GET variable support has the scaffolding up, but URL parameter parsing not yet implemented.
However POST request support it fully implemented, including MIME Multipart reconstuction.
See the test/bsdsocket.c for an example on how to implement ioops and for a file upload example.
So far the repositry does not contain the tag nesting functions, but I have those, too.
Security issues? Probably some but so far not identified yet. However when I tried fuzzing it, the fuzzer got crashed by litheweb %) (litheweb was not impressed).

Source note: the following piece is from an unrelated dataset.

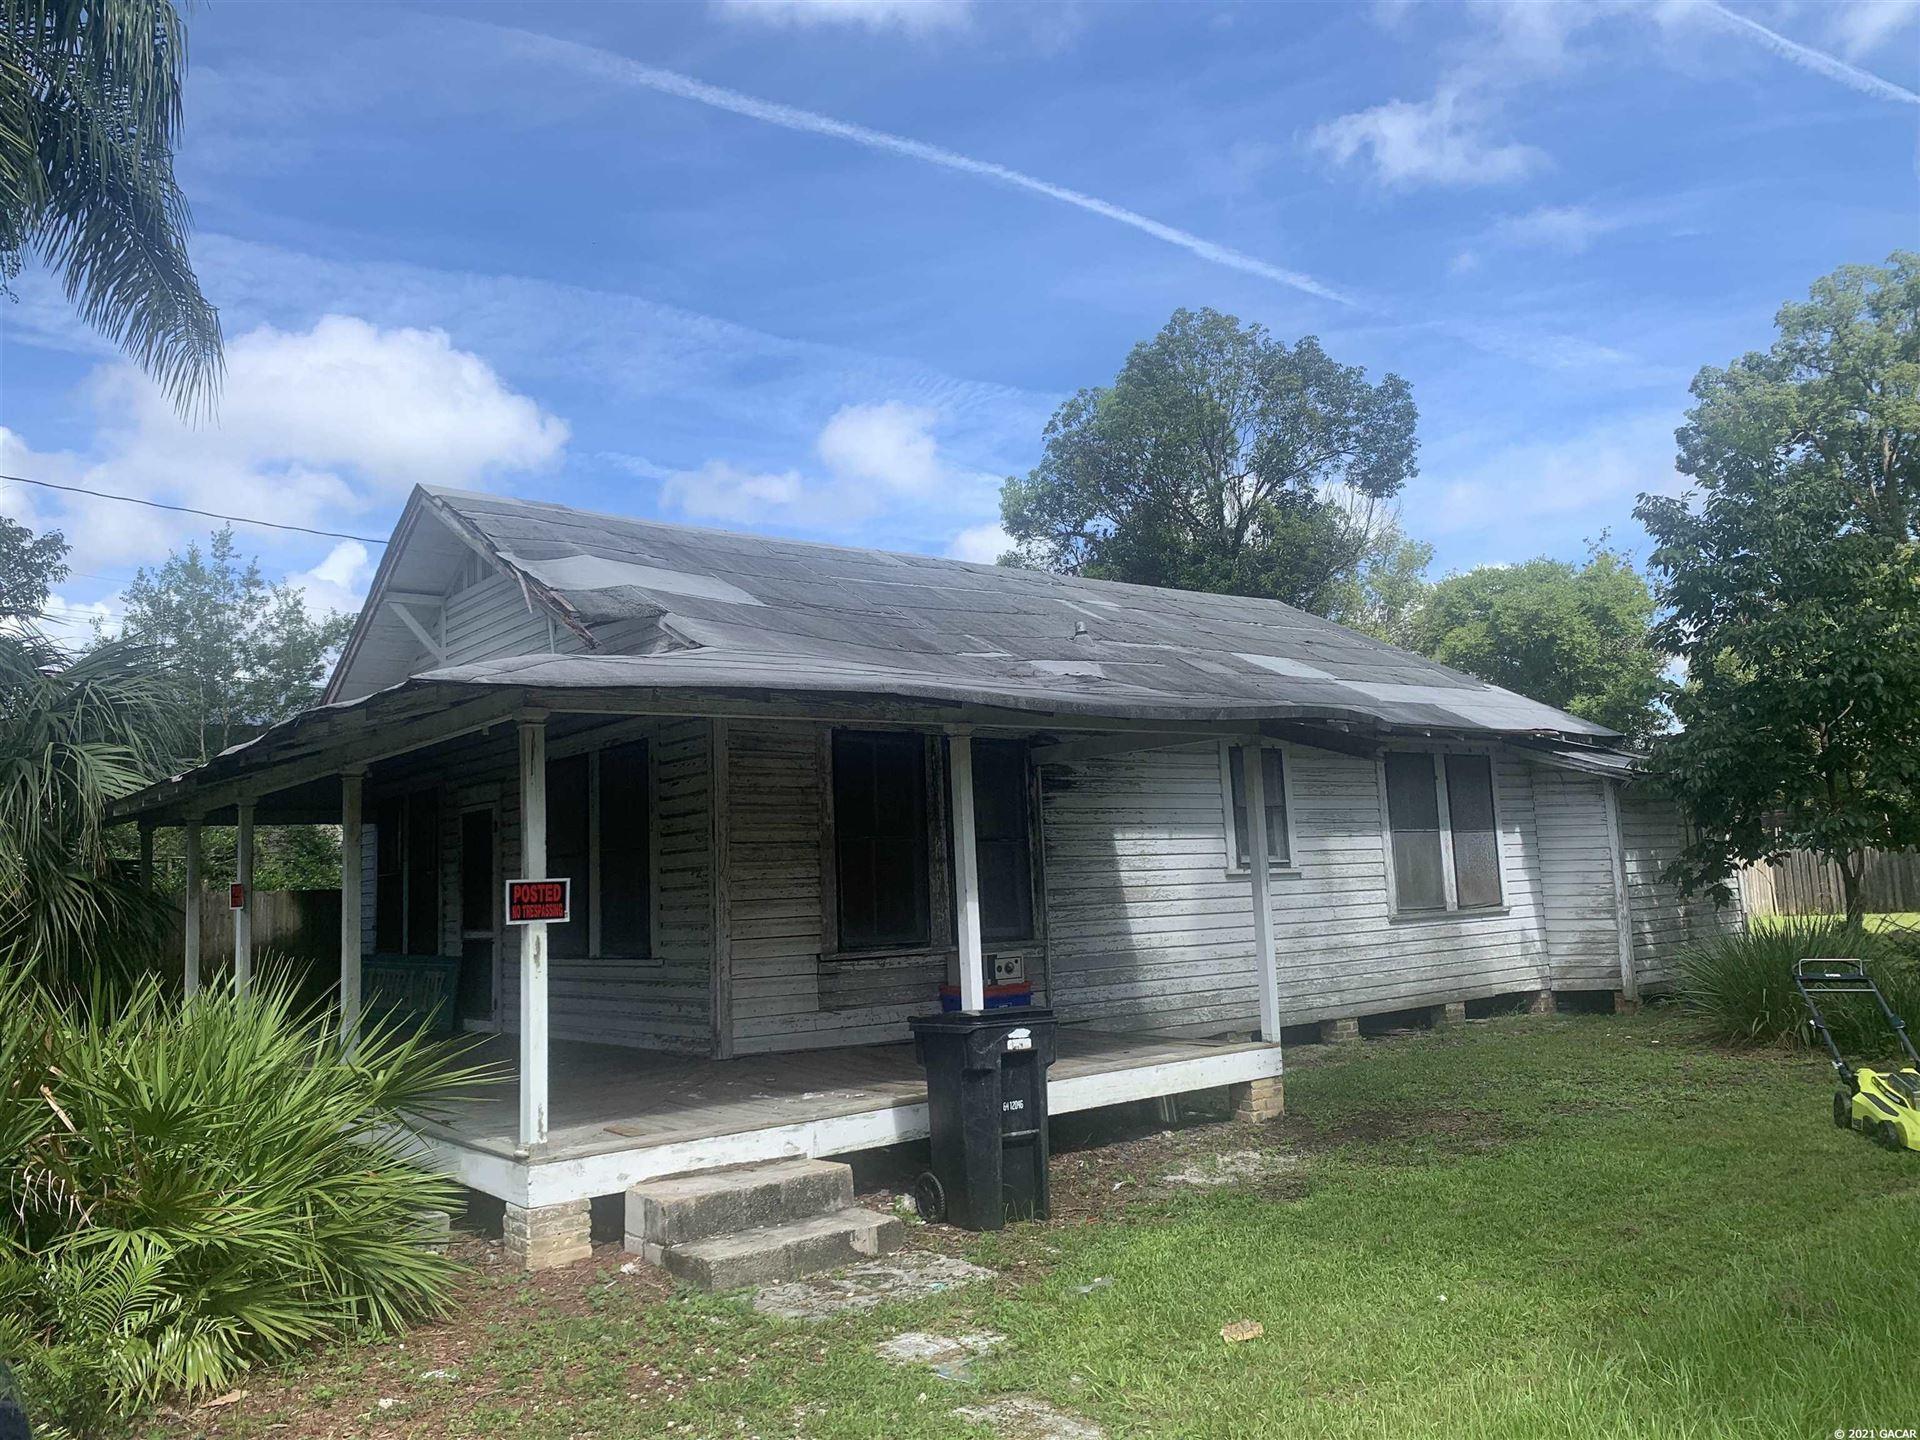 532 NW 29th Avenue, Gainesville, FL 32609-000 - #: 447382

As I'm writing a web server as well (just for hobby, won't be big and professional like nginx), I did glance at Nxweb's code a few months ago. It's pretty hard to grasp, and I consider myself to be a pretty experienced C programmer. Hard to grasp code usually raises some red flags, security wise. It does perform well, though, and has some pretty interesting ideas. It is well worth looking, even if for learning a thing or two.
The Reddit thread for Nope.c is generating a lot of constructive criticism. It ranges from stylistic issues to security issues to architectures issues. Nope's author might learn a lot of stuff and have a lot of fun -- I sure did when writing my own.
Why wouldn't one write something like that directly as an httpd or nginx module? You get fastest possible C http server, together with a very good utility library and just need to write your own routing and handling functions. I mean, why rewrite the server component when you can just use an existing one? I can see not wanting to use one of the CGI interfaces for maximum performance (and ultimate fun), but there's very little point in rewriting the http(s) handling yet again.
When you cross-posted this from reddit you forgot to retain the context:
I am the developer behind nope.c: an ultra-lightweight network application platform for C language. It's early days, so, could I have some feedback please? Thanks. And, yes, the website is hosted runs on nope.c.
Sure it's buggy as hell, but it doesn't actually matter yet because the author isn't presenting it as more developed than it is.
Looks great! You might want to fix the "node.c" that appears on a few pages (for instance the documentation), and limit the maximum value one can input into your factors calculator.
It tries to copy a buffer of 1024 byte (max) into a buffer of 512 bytes (by executing a request with an URL longer than 512 bytes).
It also runs 15 children process and use blocking socket, meaning that it's easily "DoS'able".
The overall code seems very "unsecure" and poorly designed.